When using the jinja keyword in a script section, you can call the get_nodes(role) function to retrieve the list of nodes assigned to a given role. This is useful when a script on one role needs to reference properties (e.g. IP addresses) of nodes assigned to another role.

The function returns the list of node objects for the given role. Each node exposes its NIC information via get_nic(index), which provides attributes like ip, mac, ifname, and pci.

For example, the following test has multiple clients and a server that iterates over all client nodes to print their IP addresses:

%script@client autokill=false
echo "Client ${NPF_NODE_ID}"

%script@server jinja autokill=false
{% for client in get_nodes("client") %}
echo "Client IP is {{client.get_nic(0).ip}}"
{% endfor %}

Run with: npf_run --test mytest.npf --cluster client=user@machine1 client=user@machine2

See Meta-scripting with jinja for more details on using Jinja templating in NPF scripts.

Running the same script multiple times on each machine

It can be useful to run the same script multiple times in parallel on each machine of the same role. For instance, when the software does not support multi-threading, or to use multiple network namespace.

To run 16 times the “client” scripts, use –cluster client=user01@server01.network.edu,multi=16. Similarly to running the script on multiple nodes, ${NPF_MULTI_MAX} will be the given number of times scripts should run, and ${NPF_MULTI_ID} an increasing ID starting from 1 to $NPF_MULTI_MAX for each scripts.

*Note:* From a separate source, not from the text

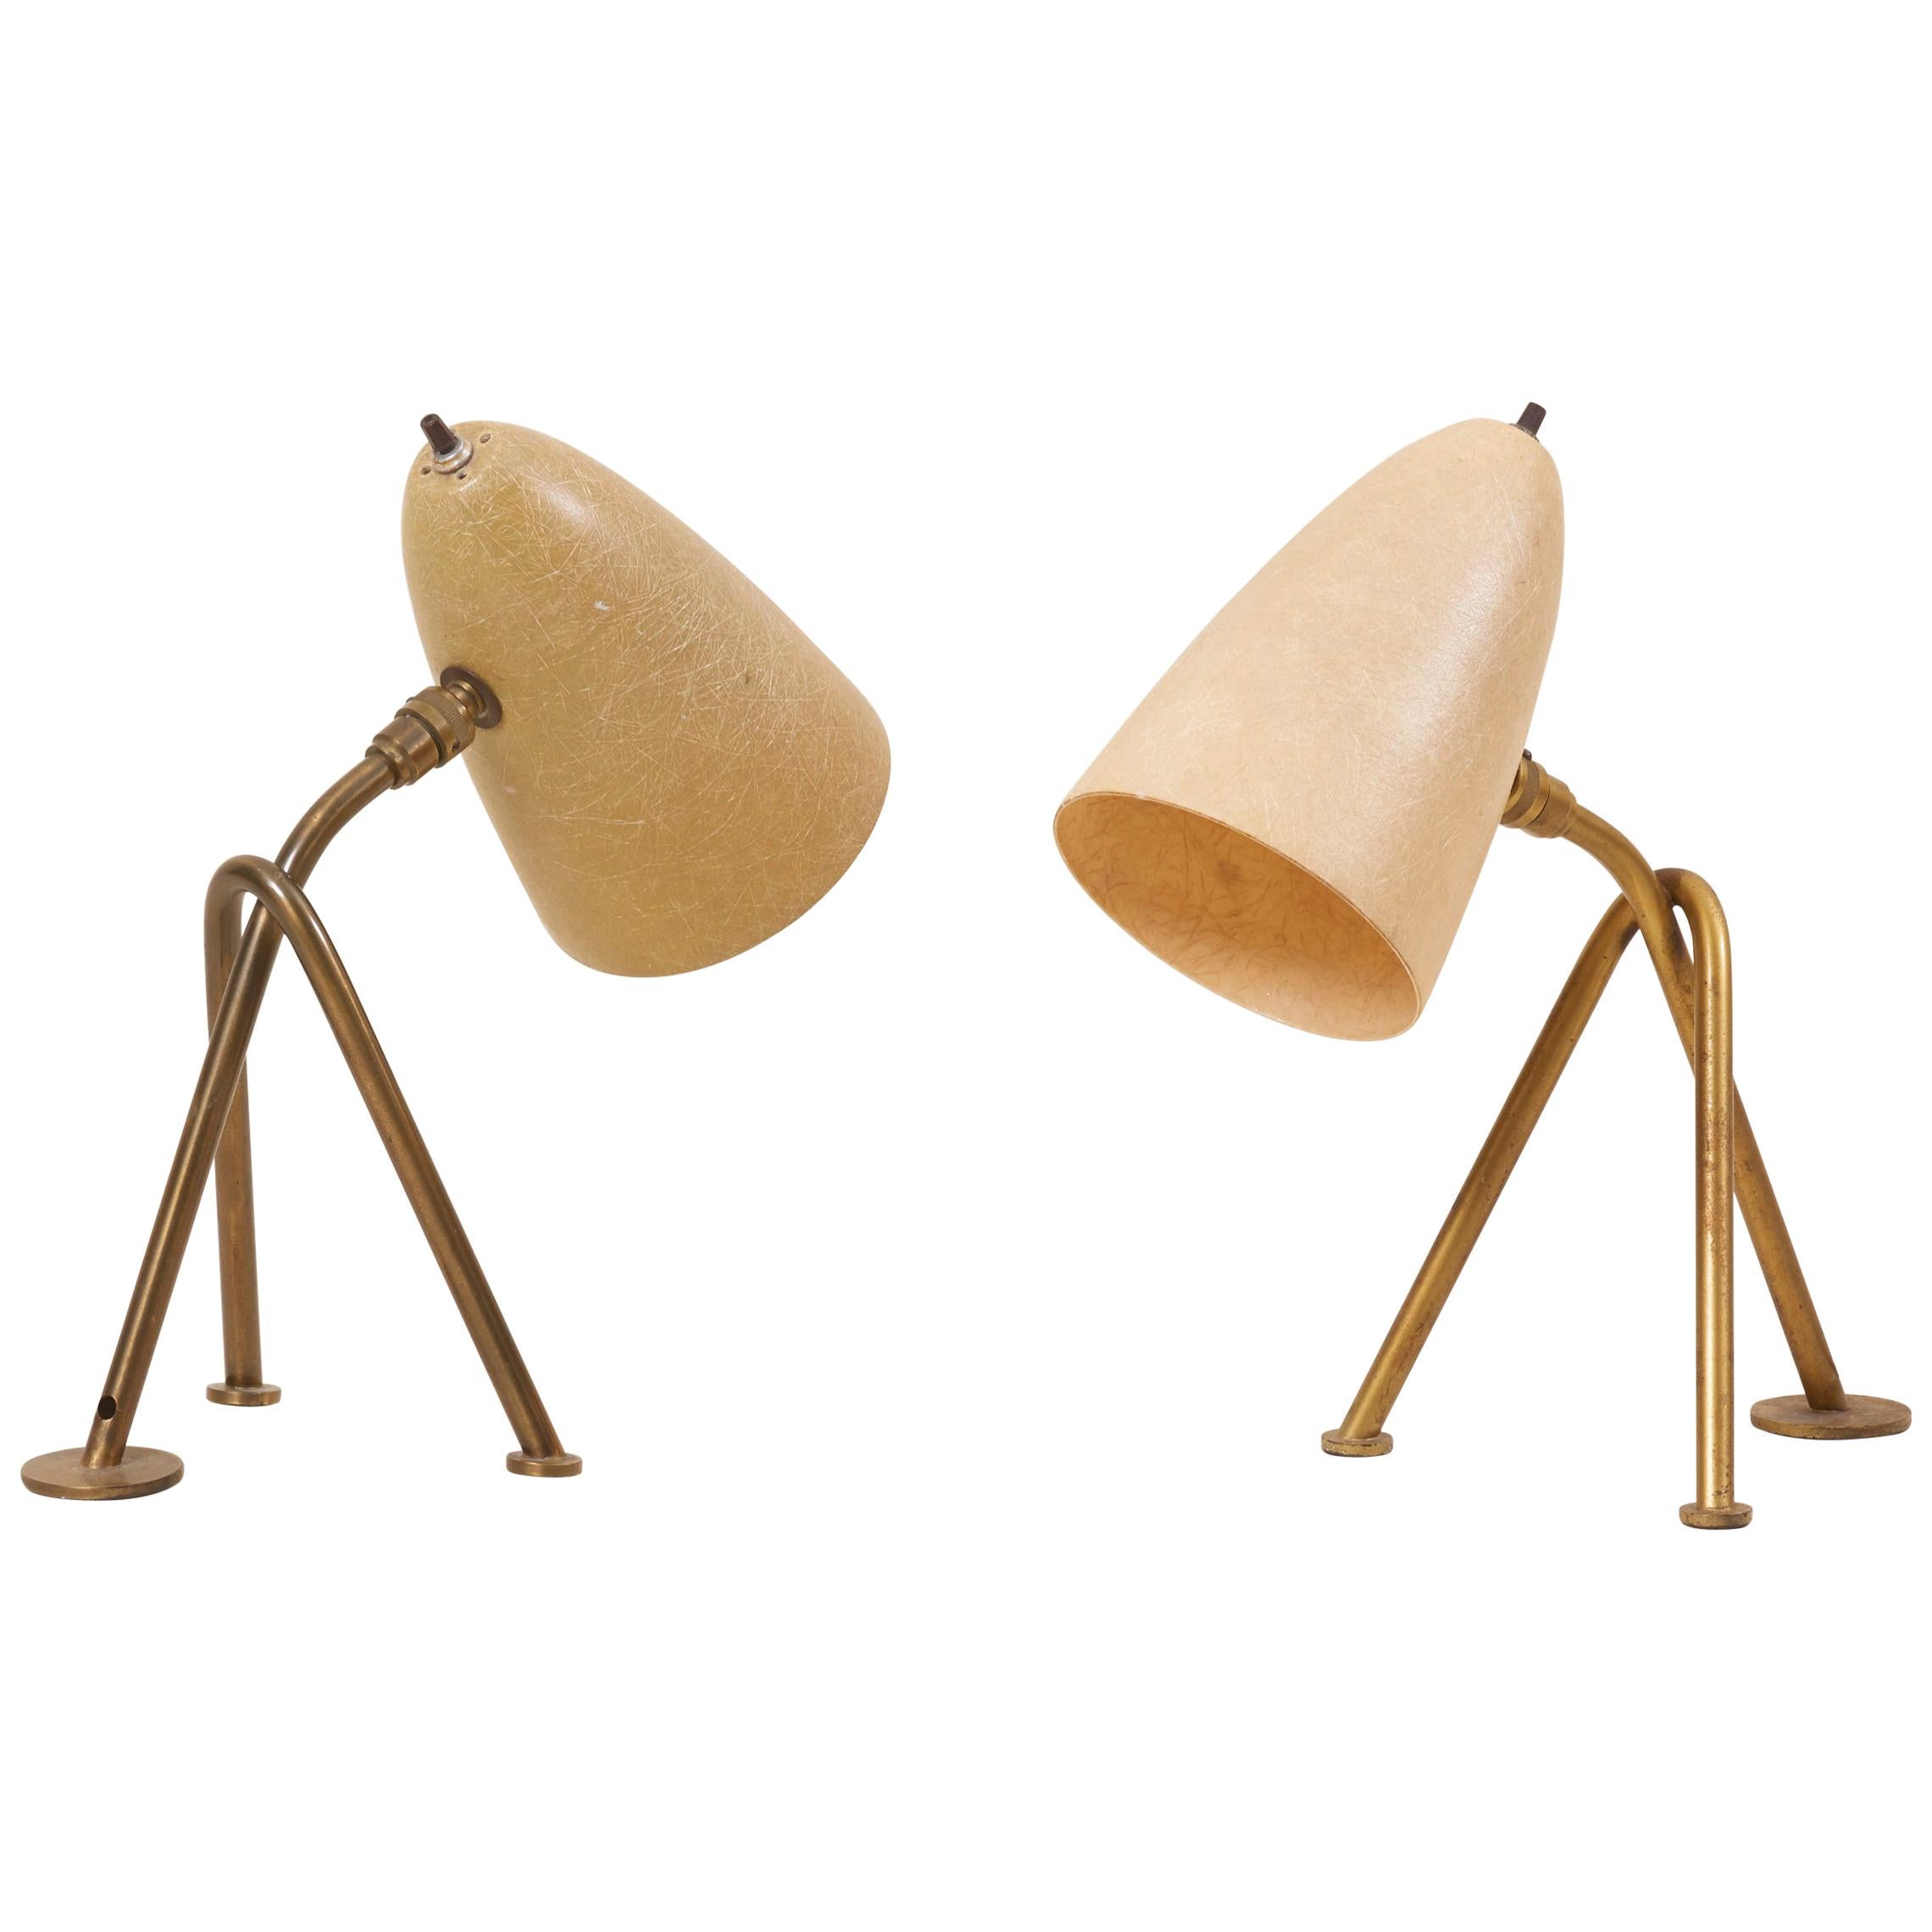 Pair of "Grasshopper" Table Lamps by Greta Grossman for Ralph O. Smith, US 1950s

The script command must be appended with -* to have the test run for each of the multi value, e.g.:

%script@client-*
echo "Script $NPF_MULTI_ID over $NPF_MULTI_MAX"

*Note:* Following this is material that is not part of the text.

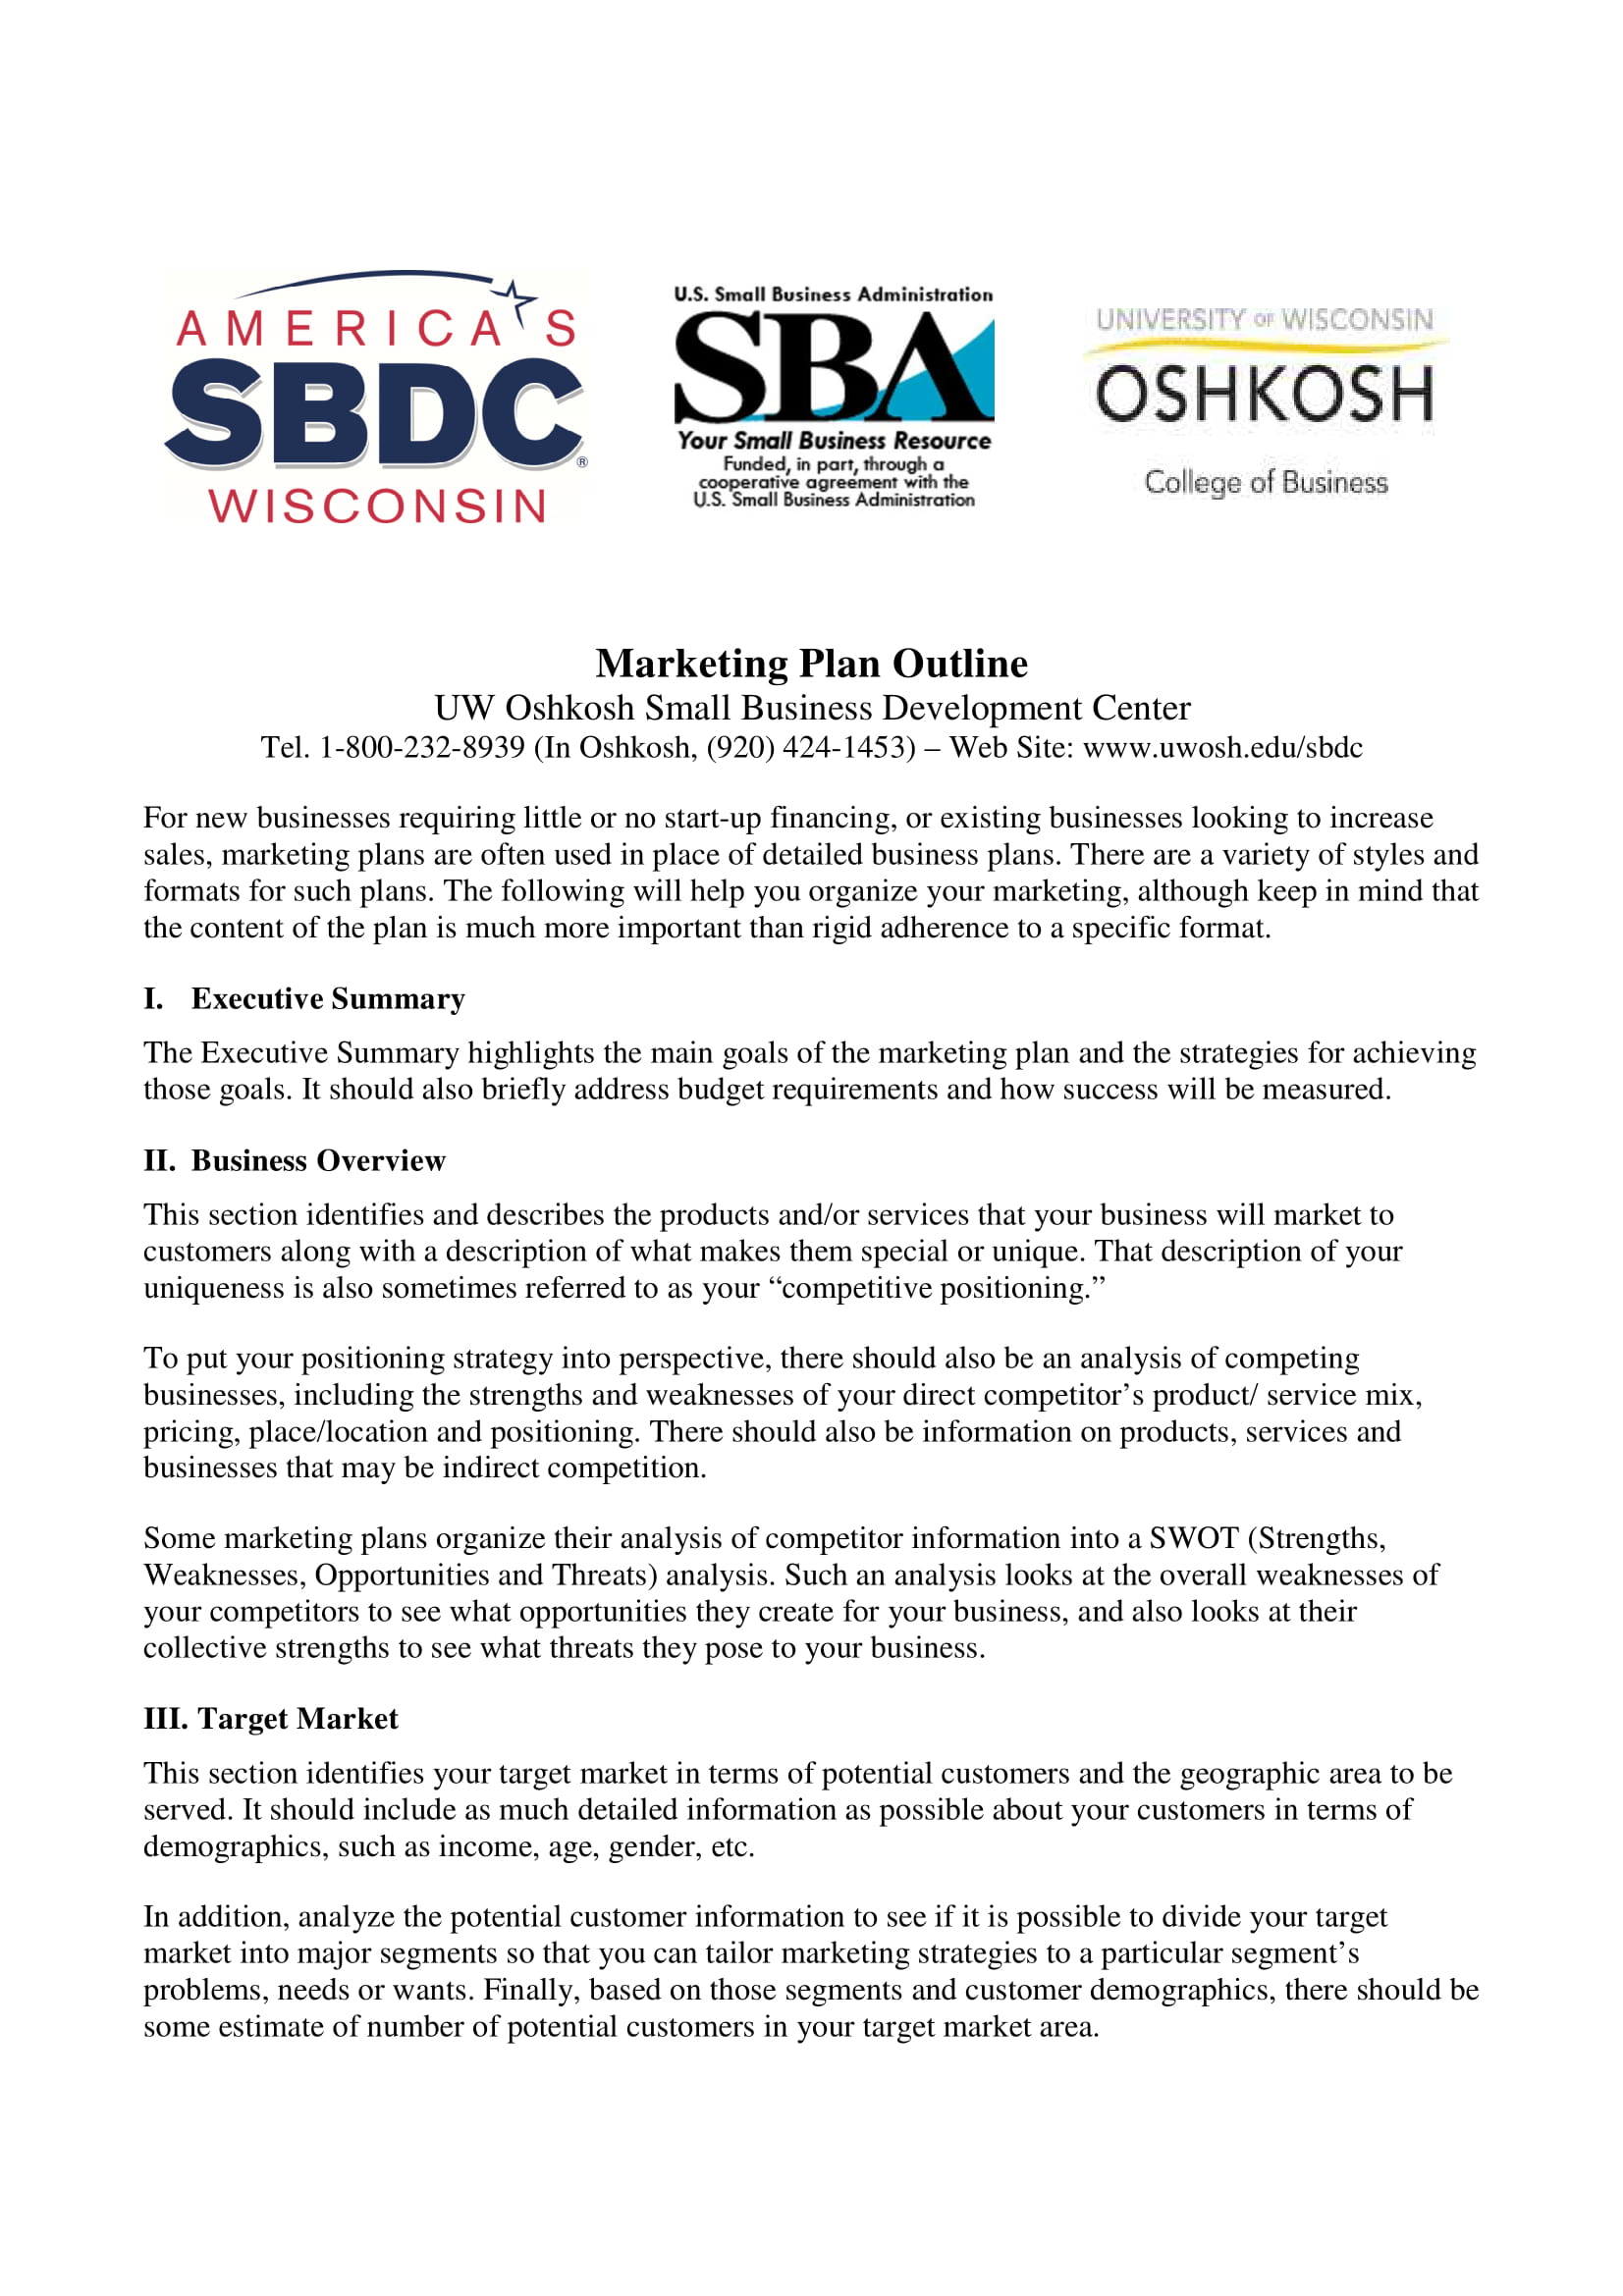 11 Simple Marketing Plan Examples - PDF | Examples

One can also append mode=netns to run each scripts inside different network namespaces. I.e. –cluster client=user01@server01.network.edu,multi=16,mode=netns. This is equivalent of running every of the “client” scripts with ip netns exec npfns$N … with N varying from 1 to 16. The namsepace must be created in an init script with Ip netns add npfns${NPF_MULTI_ID}. Check the modules/wrk-nsdelay.npf example that supports both multiple nodes and the “multi” feature as an example to simulate many different clients using a per-namespace link delay simulation using netem.